Concurrent validity (both convergent and divergent) was estimated at baseline via Spearman correlations within the nr-axSpA population with objective signs of inflammation. Sensitivity analyses were conducted at Weeks 12 and 24. Convergent validity estimates were obtained by correlating ASQoL total scores and those of the BASDAI, BASFI, PtGADA, PhGADA, total and nocturnal spinal pain numeric rating scales, and the ASDAS composite score. Divergent validity estimates were obtained by correlating the ASQoL total scores with the physical functioning and physical component scores of the SF-36v2. The ability of the tests to detect change was also determined from the Spearman correlation coefficient for change in scores from Baseline to Week 12 and to Week 24 for ASQoL versus other PRO measures. In all cases correlations ≥|0.4| met the prespecified criterion for acceptable validity.
Known-groups validity evidence was generated at Baseline, Week 12 and Week 24. Scores from the PhGADA and ASDAS were dichotomized (median split and cut at 2.1, respectively) to define known groups. The mean differences in ASQoL score between the known groups for each measure were analyzed using analysis of variance (ANOVA).

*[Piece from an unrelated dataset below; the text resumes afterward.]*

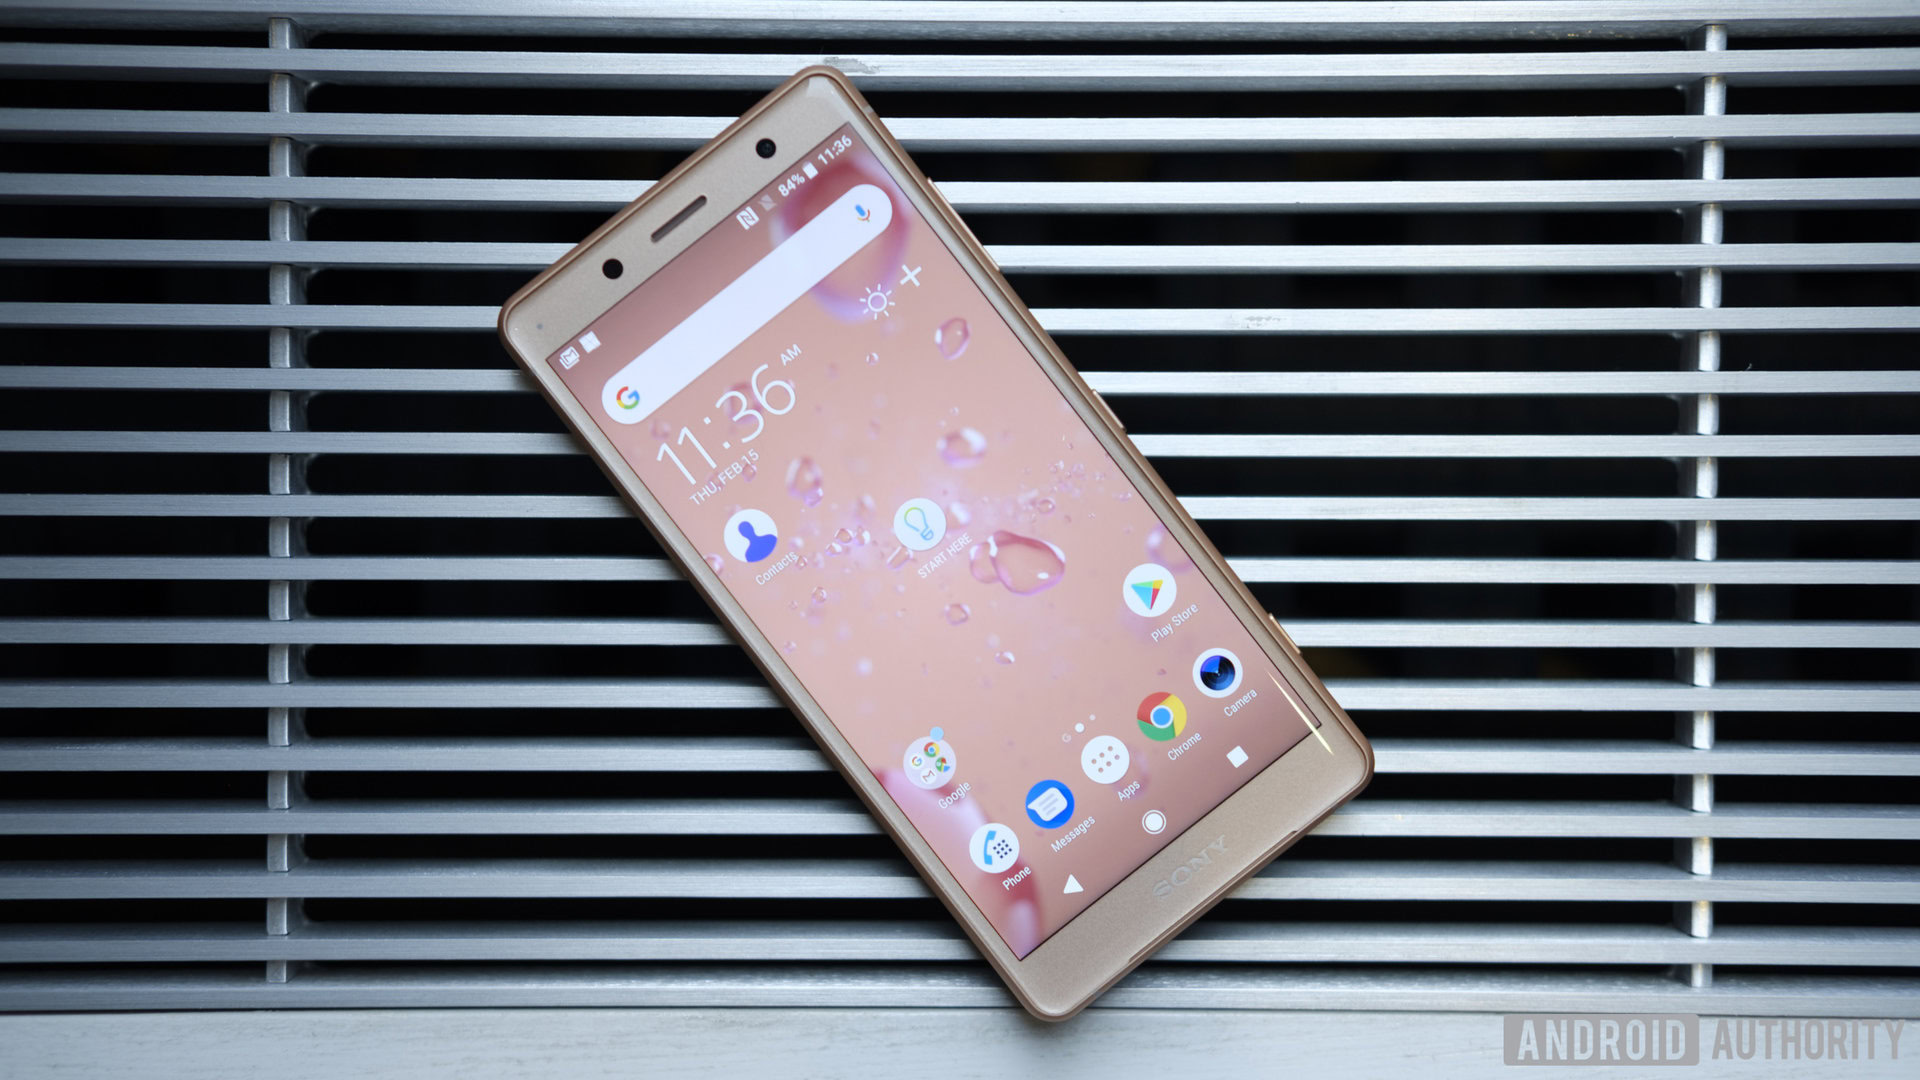 Sympathiek bende Warmte Sony Xperia XZ2 and XZ2 Compact: Price and availability details (Update:  Pre-order now!) - Android Authority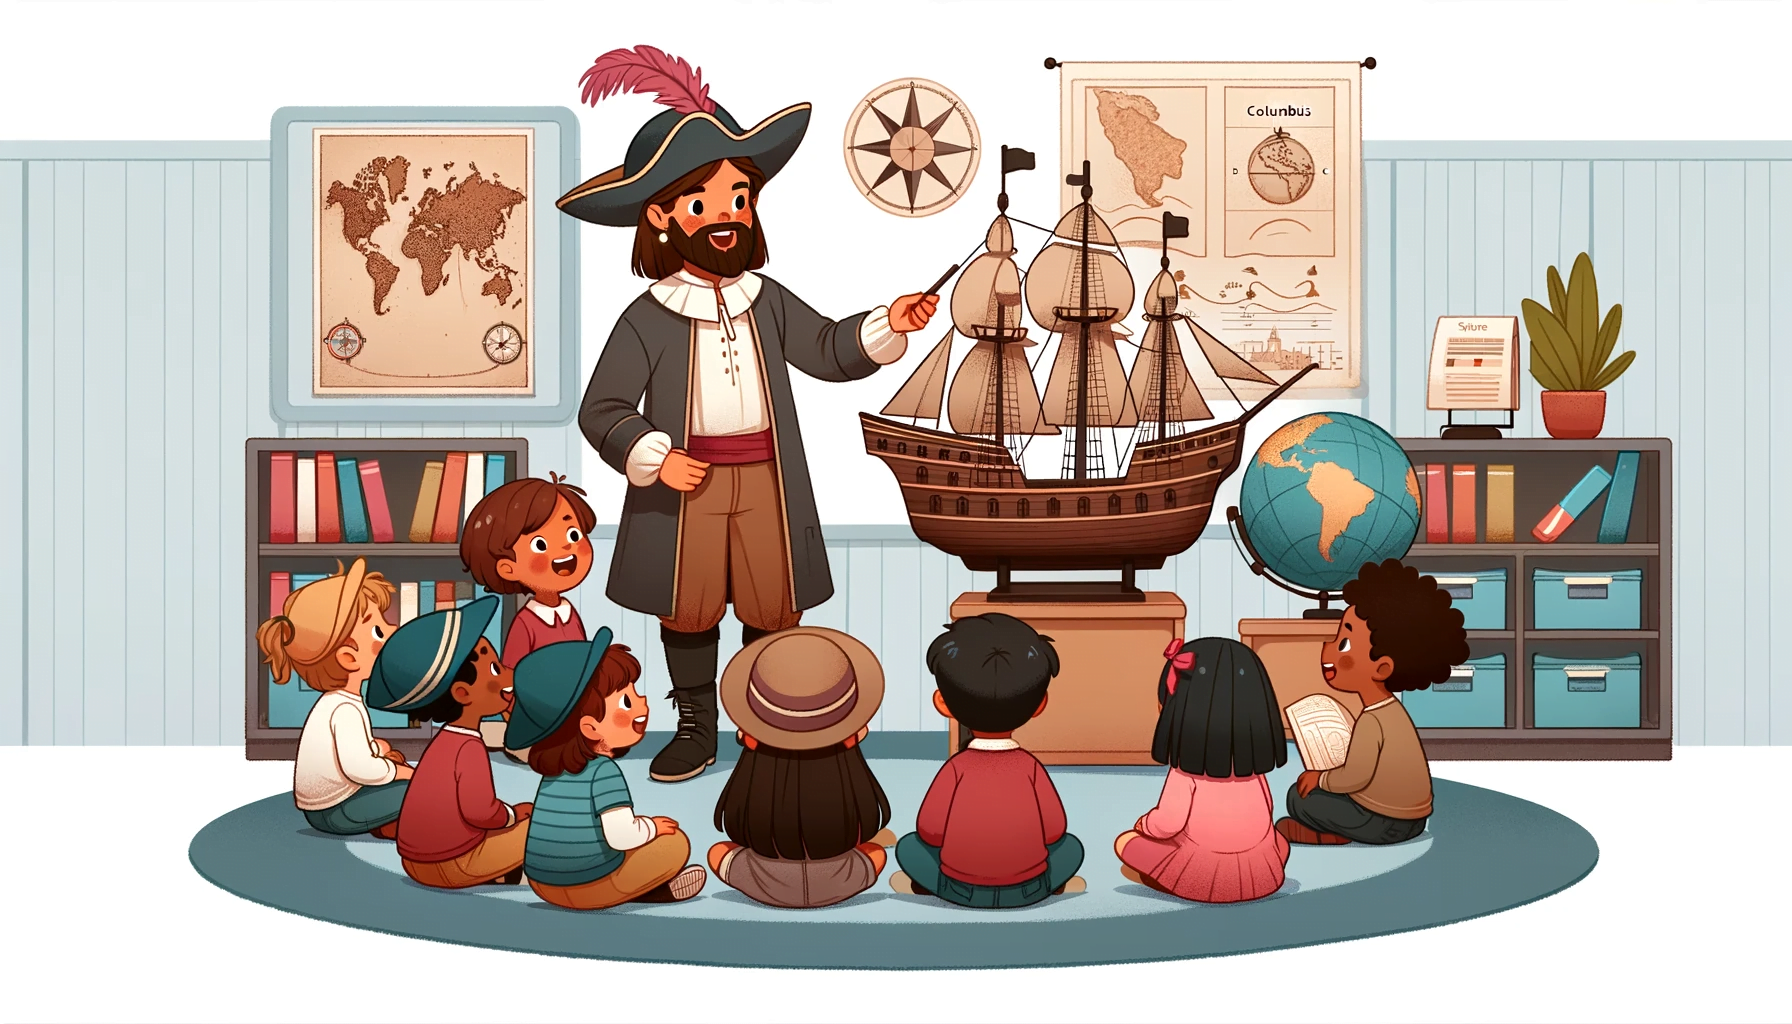 Illustration with clean and smooth line art of preschool children of diverse ethnic backgrounds in a classroom setting, with a historical theme. They are gathered around a model ship, singing and learning about explorers like Columbus. The teacher is dressed in a costume resembling that of an explorer from the Age of Discovery, pointing to a globe and nautical maps on the wall. The children are engaged and curious, some wearing paper tricorn hats.

MWPC was estimated by both distribution and anchor-based methods. Given regulatory emphasis on anchor-based methods, only anchor-based evidence is reported. The anchor-based method for MWPC estimation was based on patients whose change in ASQoL score between Baseline and Week 12 and Week 24 was equal to or greater than the estimated median change in ASQoL score in patients with a PGIC of 6 (moderate improvement) or 5 (minimal improvement). In addition, the MWPC point estimate was validated via empirical cumulative distribution functions (eCDFs) and 95% Clopper-Pearson confidence bands for change in ASQoL score from Baseline, stratified by PGIC strata (no change, minimal improvement, moderate improvement, marked improvement).
All analyses used observed case data only; no imputation of missing values was undertaken.
MPMs were conducted using FlexMIRT version 3.5 (Vector Psychometric Group). All other analyses were performed using a combination of Statistical Analysis Software version 9.4 (SAS® Institute Inc., Cary, NC) and R statistical software version 3.4.3 (R Development Core Team).